#### [Information provided]

——————

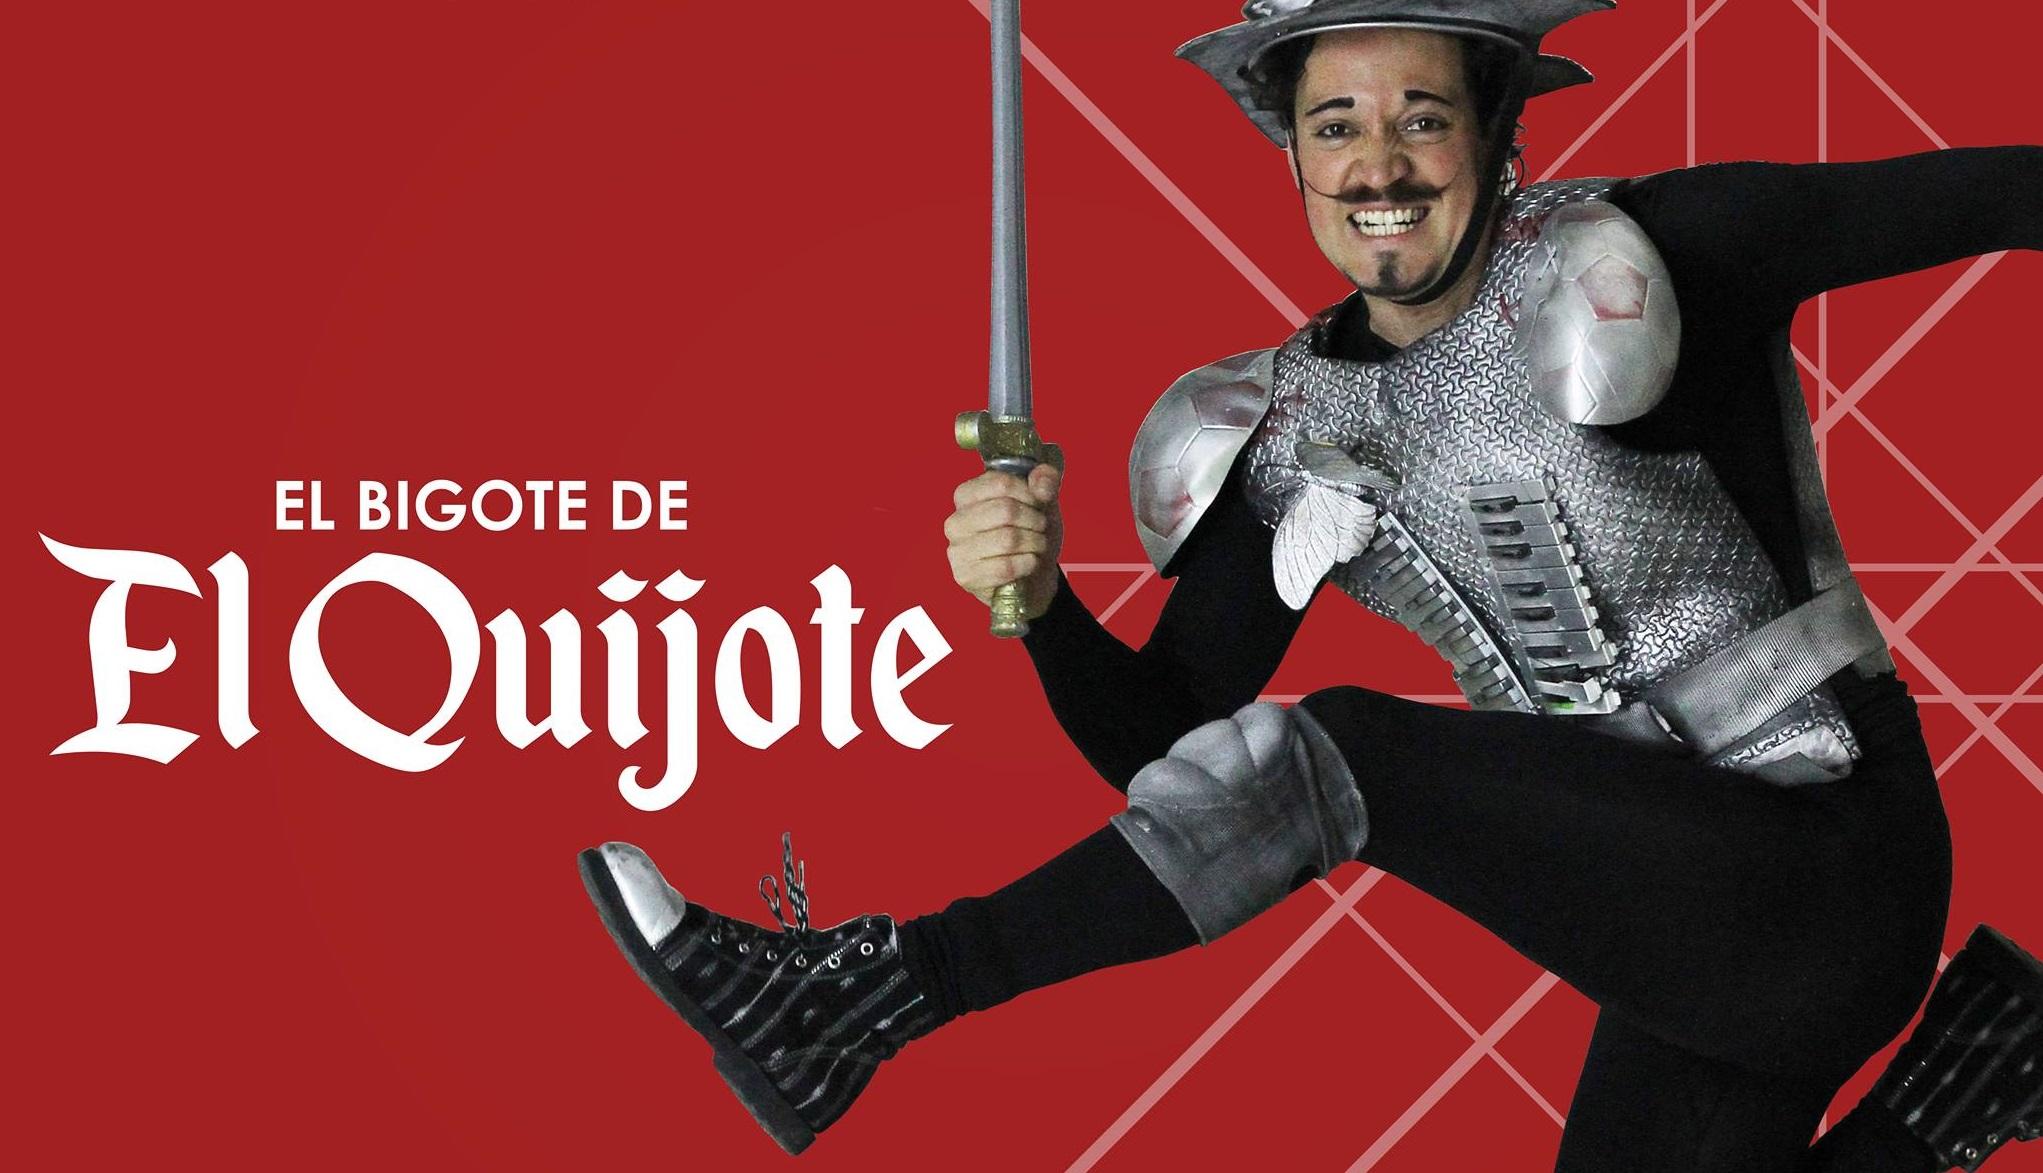 Obra de teatro | El Bigote de El Quijote
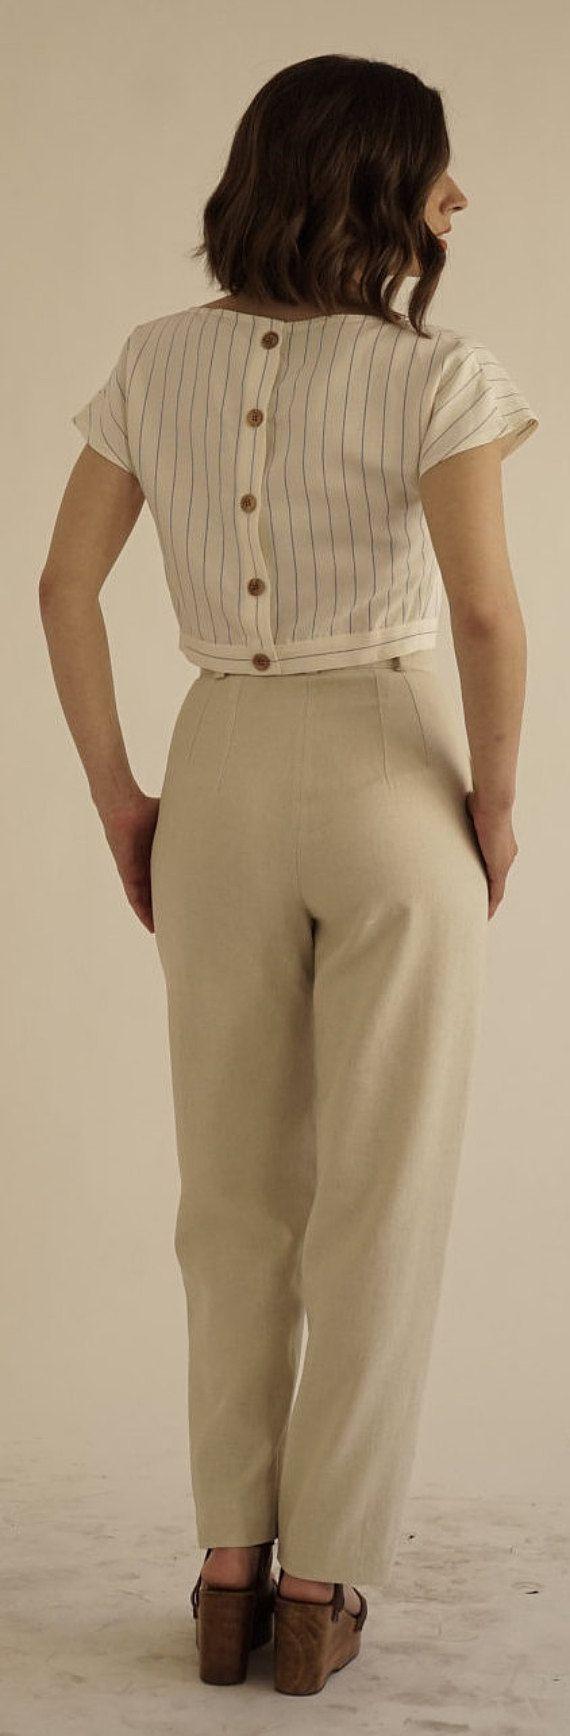 High waisted linen trousers.
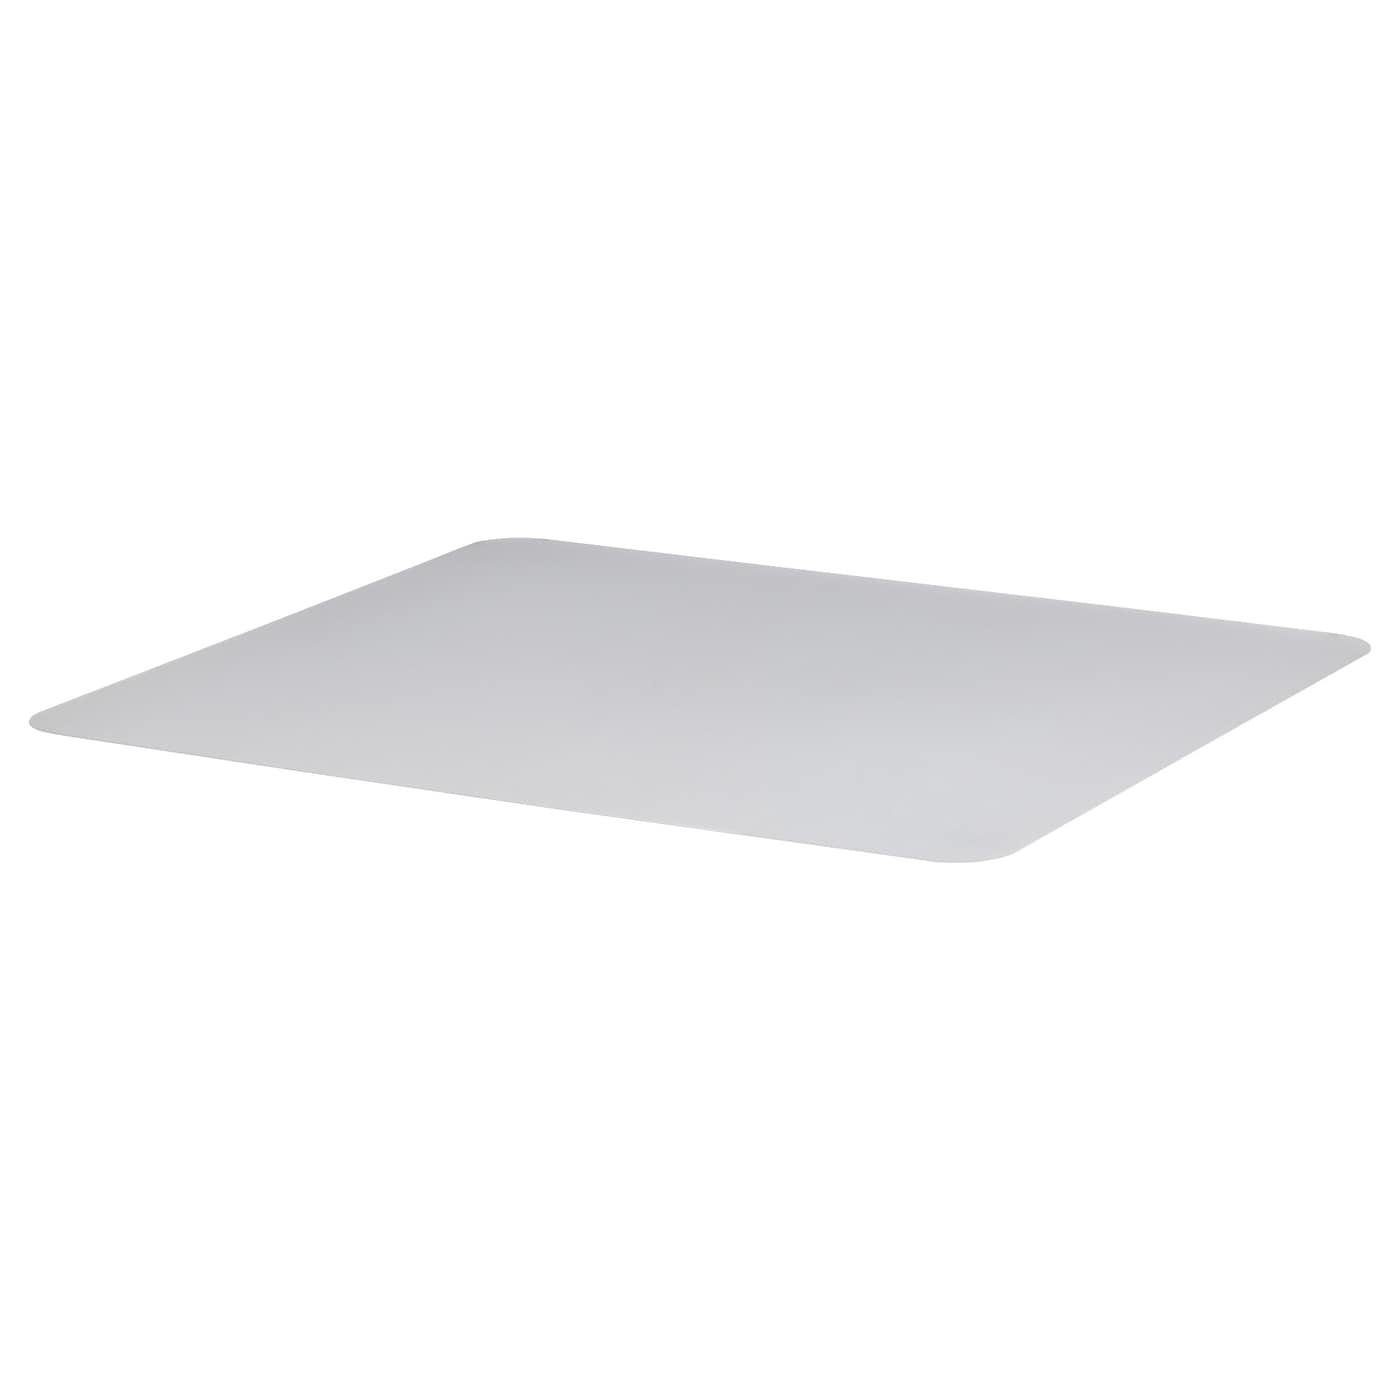 Kolon Floor Protector 47 1 4x39 3 8

——————

#### [Goal of the exercise]
Transcribe the whole listing exactly but exclude images.

#### [Response to this exercise]
 Obra de teatro | El Bigote de El Quijote
 High waisted linen trousers.
 Kolon Floor Protector 47 1 4x39 3 8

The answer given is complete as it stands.